**About this exercise**
Give back the whole listing exactly as written, pictures excluded.

**Data block**
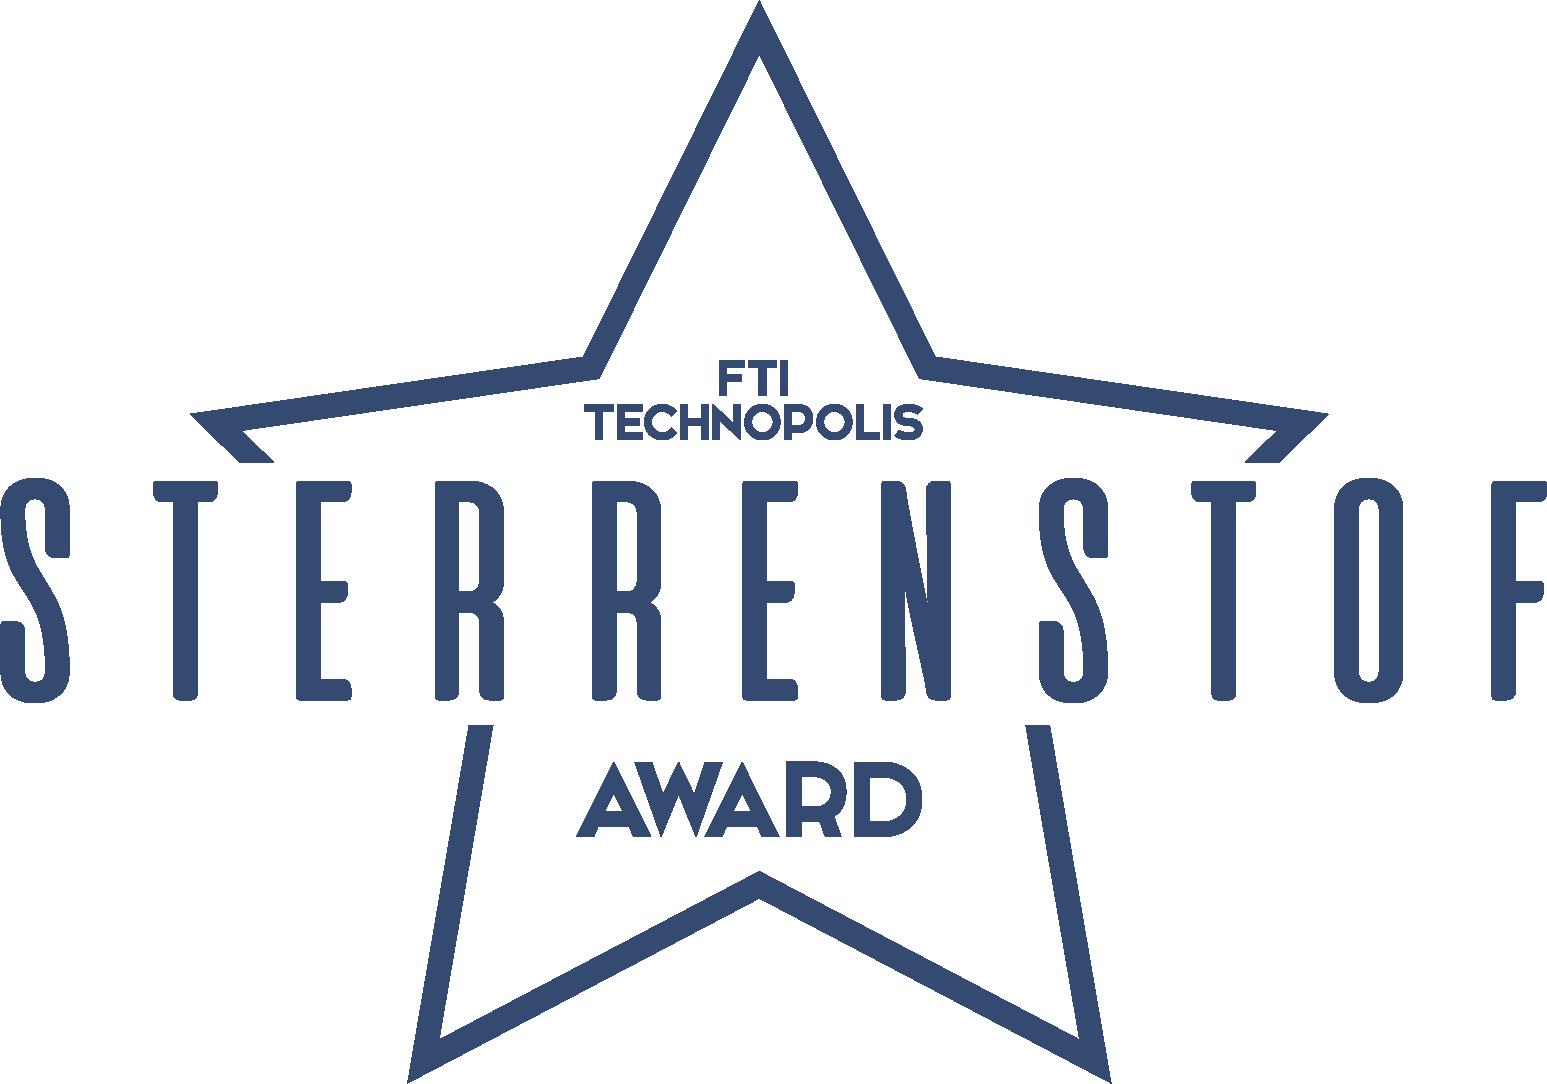 FTI Technopolis Sterrenstof award donkerblauw
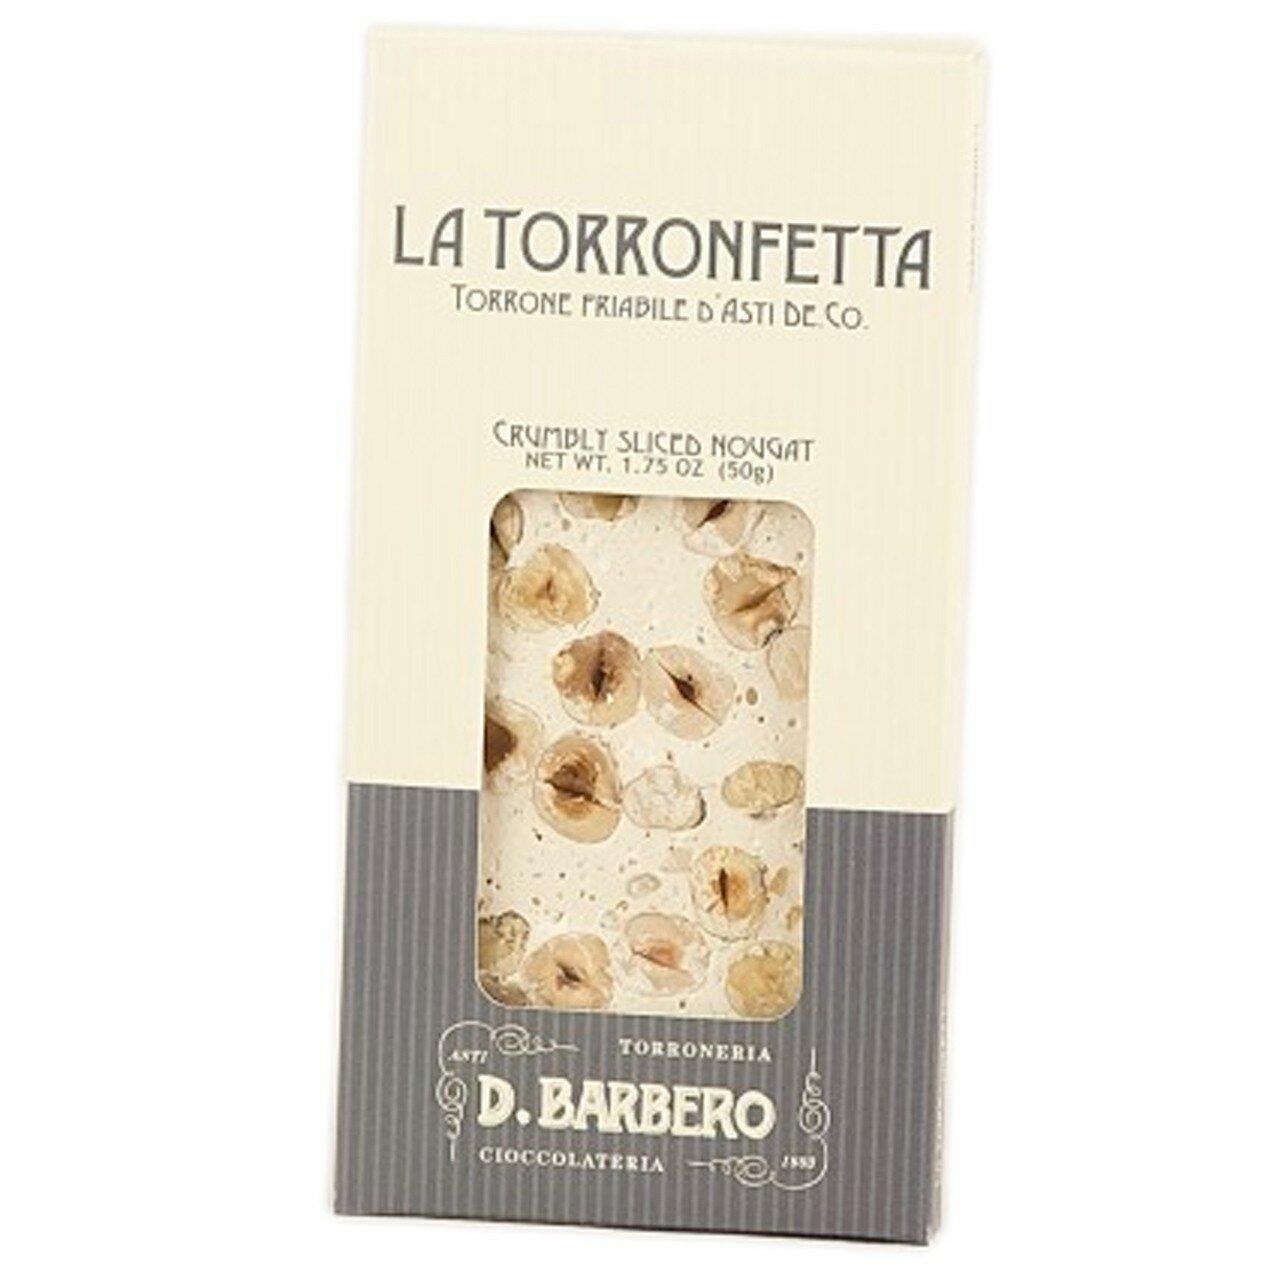 La Torronfetta singola in astuccio gr. 50
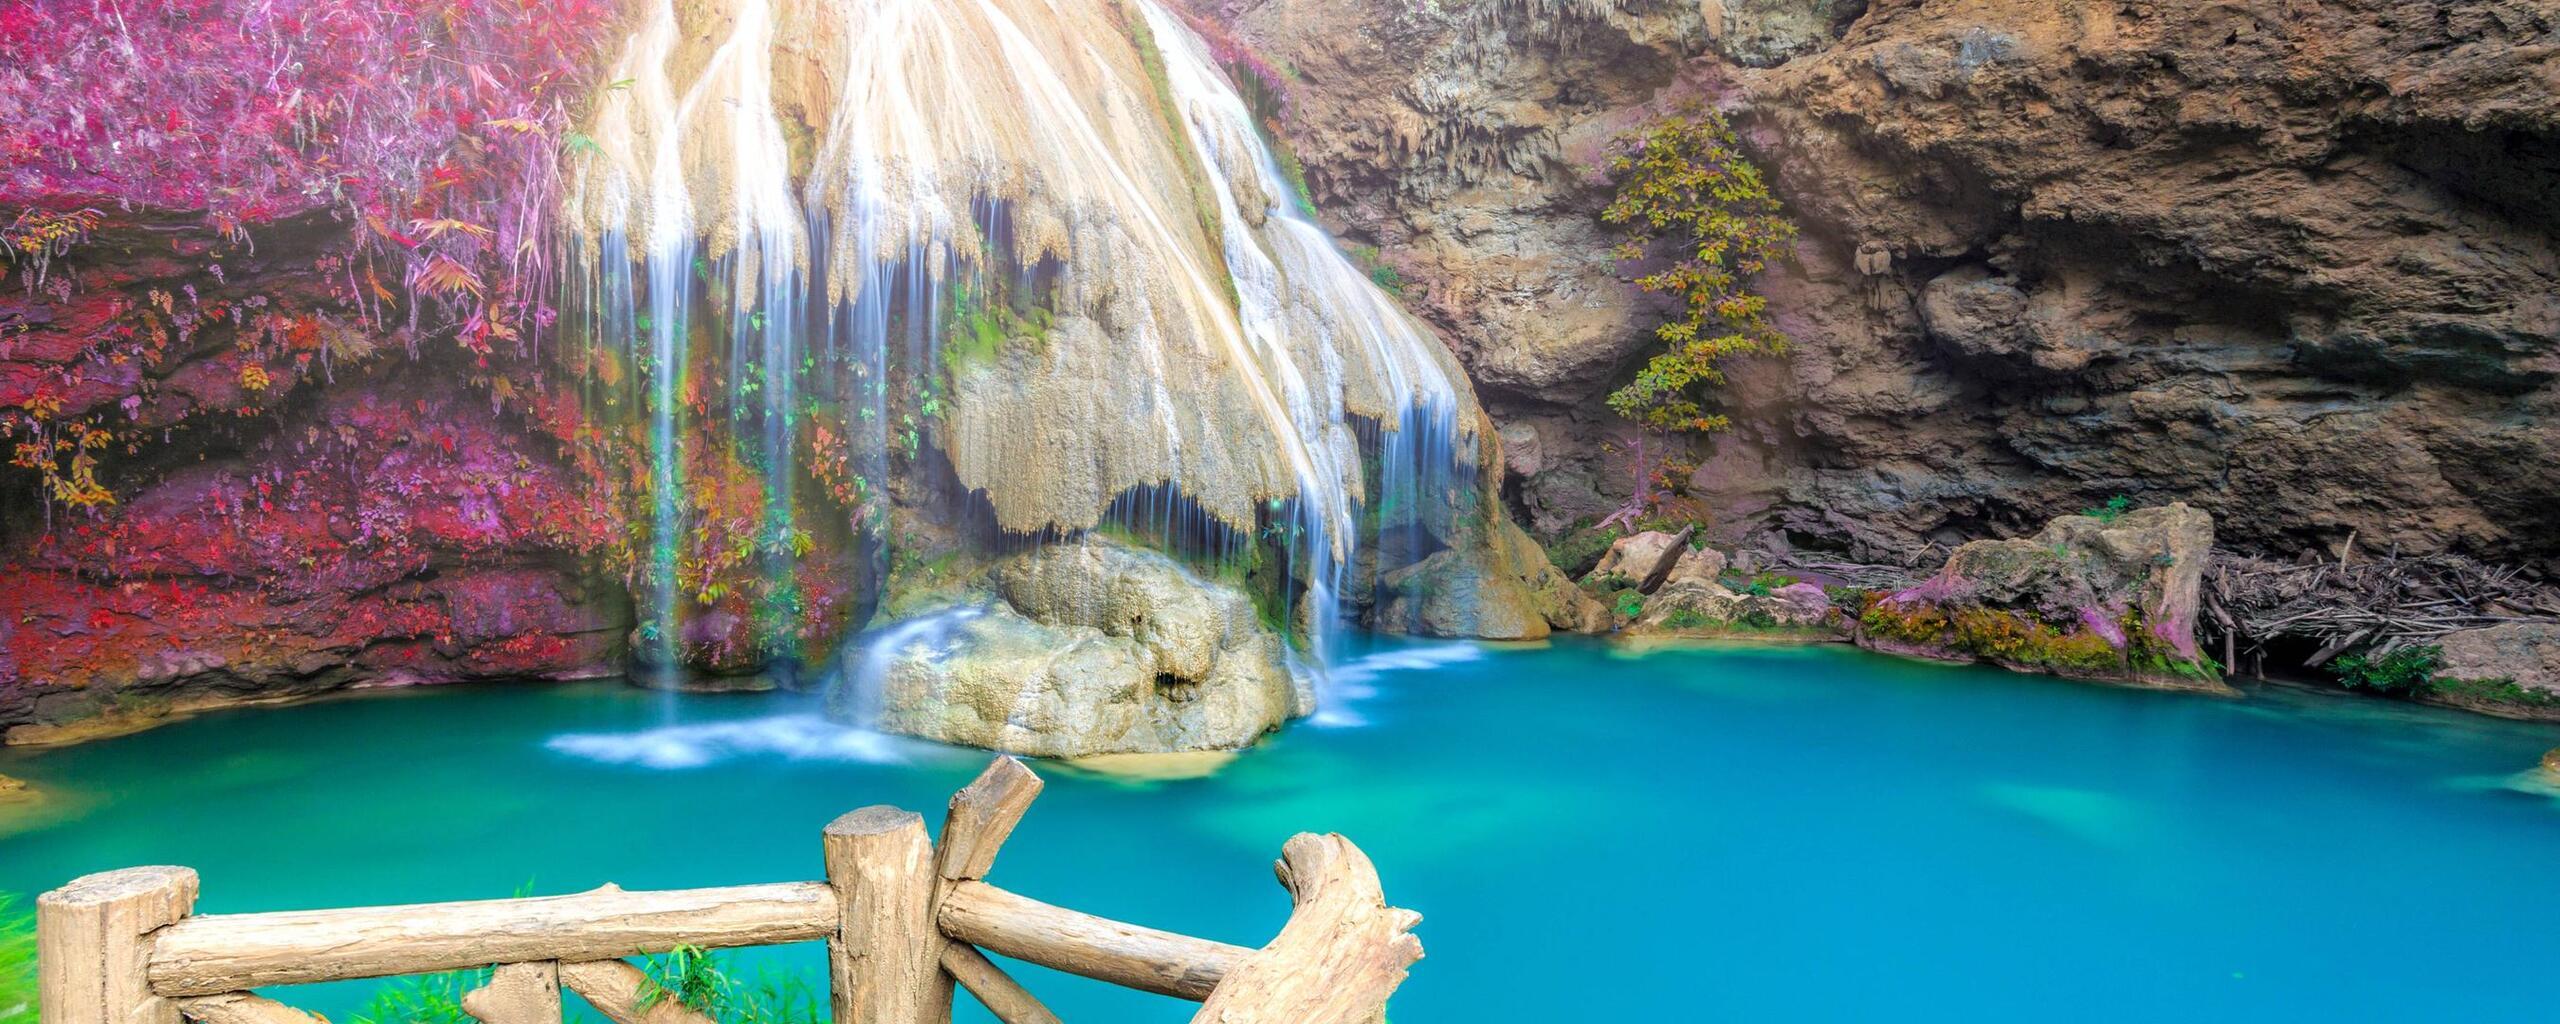 beautiful-waterfall-in-thailand-new.jpg

**Output below**
 FTI Technopolis Sterrenstof award donkerblauw
 La Torronfetta singola in astuccio gr. 50
 beautiful-waterfall-in-thailand-new.jpg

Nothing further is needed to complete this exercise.